— С кем вы меня поместили?
— С мистером Линкольном, сэр.
— Человек не может заснуть, пока он не согрелся, — объявил судья Дэвис, тщетно пытаясь дотянуться фланелевым шарфом до пальцев своей правой ноги.
— Вы всегда растираете на ночь ноги? — спросил Линкольн.
— Обычно это делает мой негр Дже́ксон, — сказал судья.
— Если хотите, судья, я заменю вам негра.
— Спасибо, не стоит, мистер Линкольн. Я вовсе не так толст, как вам кажется. Мой живот увеличился за этот год не больше чем на полдюйма.
— Весь вопрос в том, насколько он увеличился за предыдущий год, — проговорил Линкольн, роясь в своём седельном мешке.
— Ничего особенного. Не следует беспокоиться за мой живот. На вашем месте, я подумал бы о деле Моффета.
— Я думаю об этом деле почти непрерывно, — сказал Линкольн.
Дэвис посмотрел на него и покачал головой.
— Обвинитель Ли́ндер очень серьёзный противник, — сказал судья, — и, насколько я знаю, улики собраны с большой тщательностью. Соседи слышали ночью ружейный выстрел. Моффет человек вспыльчивый. Он уже раз угрожал ружьём землемеру Ярборо на глазах у всех. А этот башмак убитого возле реки?
— Не понимаю, зачем понадобилось Моффету снимать с убитого башмаки, перед тем как сунуть тело в прорубь, — откликнулся Линкольн, не отрываясь от седельного мешка, — и при этом почему он снял только один башмак?
— Возможно, что этот башмак слетел случайно.
— Это очень странно, мистер Дэвис. Но самое главное, что у нас нет объекта преступления.
— Вы имеете в виду…
— Я имею в виду тело убитого, мой друг Дэвис. Где оно?
— Реку нельзя обследовать по-настоящему. Она покрыта льдом. А следы крови?
— Ах, сэр, вы хотите, чтоб я раскрыл вам все материалы защиты?
— Нет, конечно, я не настаиваю. Но это трудное дело. Вы были на месте преступления?

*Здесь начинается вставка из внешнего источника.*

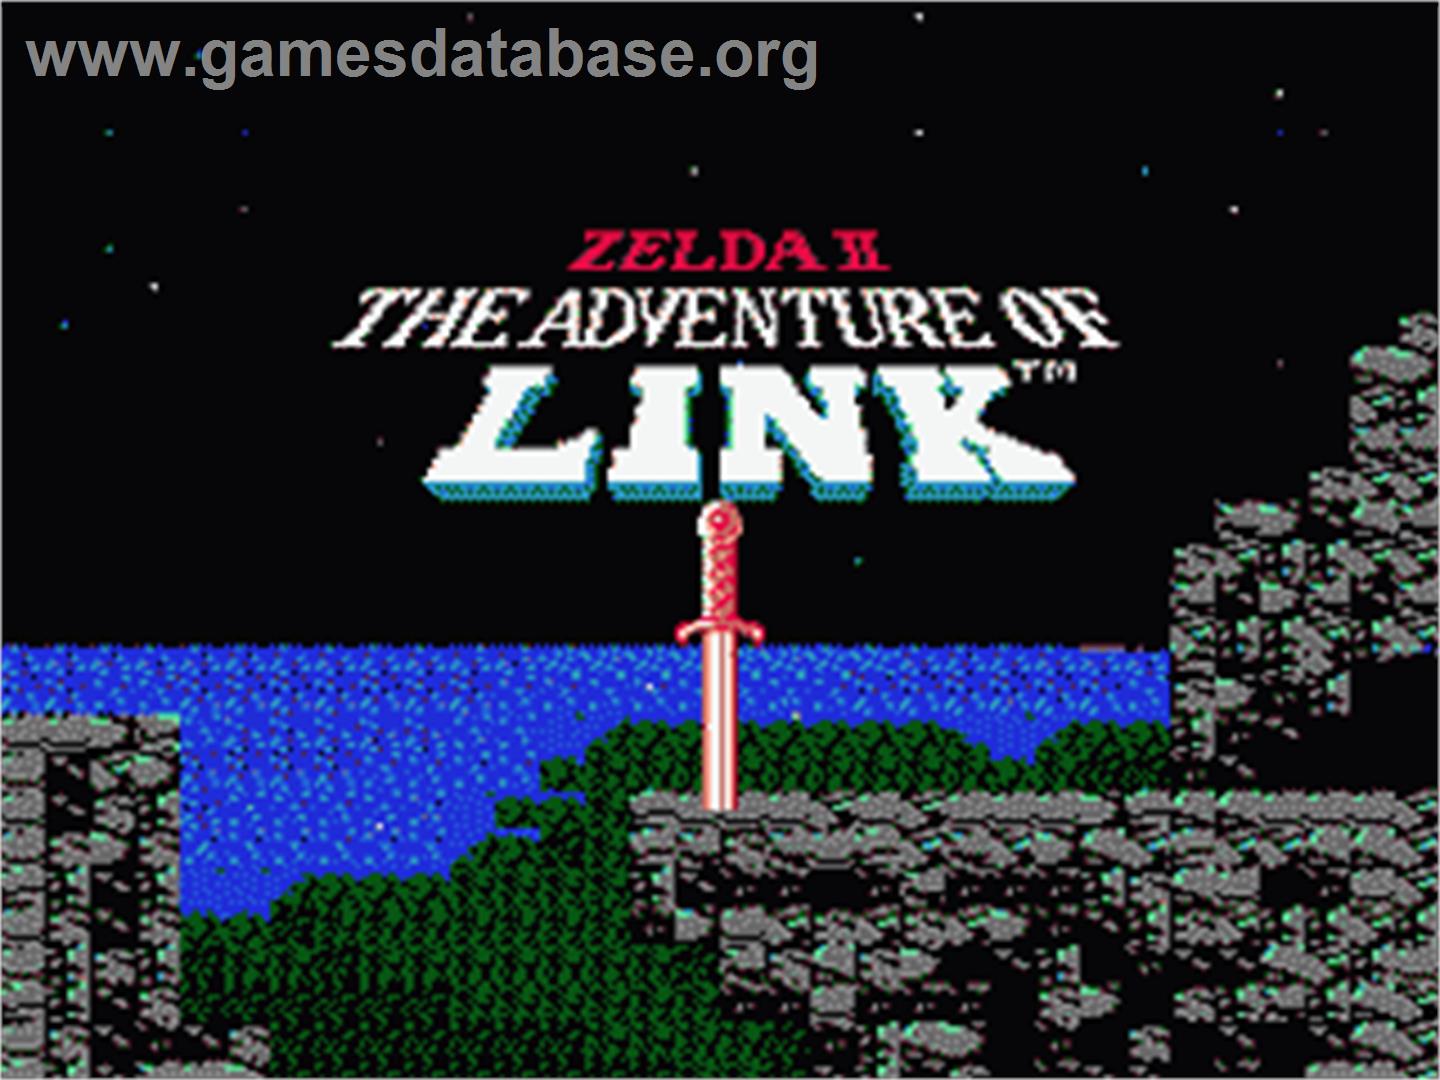 Zelda II: The Adventure of Link - Nintendo NES - Artwork - Title Screen
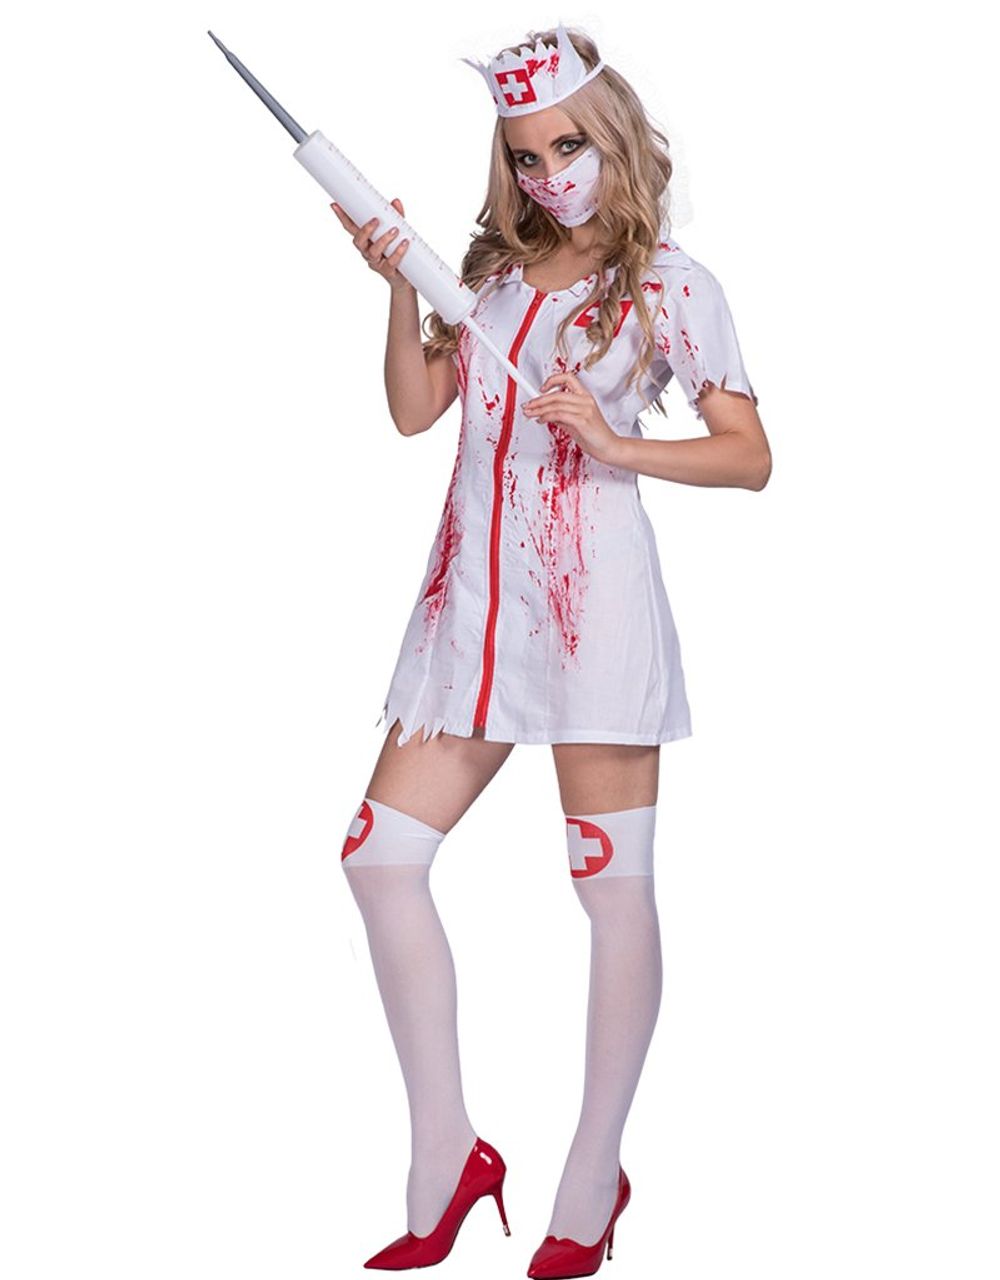 EraSpooky Halloween Killer Caregiver Disfraz de enfermera zombie sangrienta para mujer
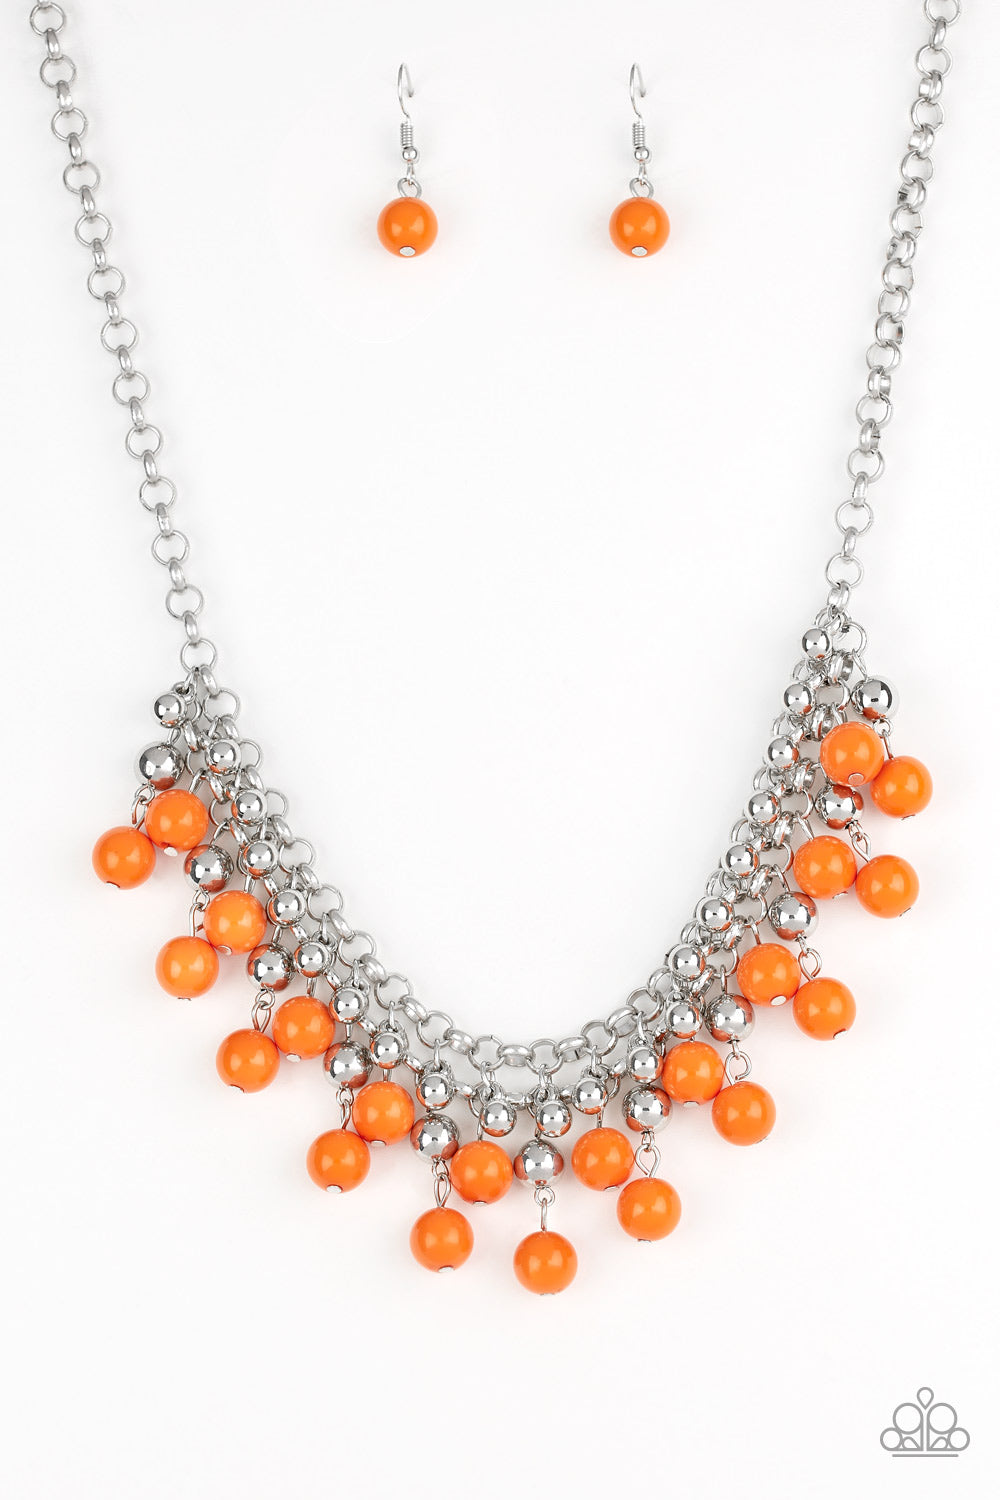 Friday Night Fringe - Orange Necklace

— Был. Это место меня мало интересует.
— А что вас интересует?
— Сэр, меня интересует положение со скупкой земель спекулянтами в этом районе.
Дэвис надул обе щеки и выпустил воздух с шумом, как лопнувший воздушный шар.
— Вы занимаетесь не делом Моффета, а политическими вопросами, — сказал он, — несомненно, что это поможет вам выступать на митингах. Но вряд ли это поможет вам на завтрашнем процессе.
— Думаю, поможет, — хладнокровно ответил Линкольн.
— Приговор судьи зависит от решения присяжных.
— Я это хорошо знаю.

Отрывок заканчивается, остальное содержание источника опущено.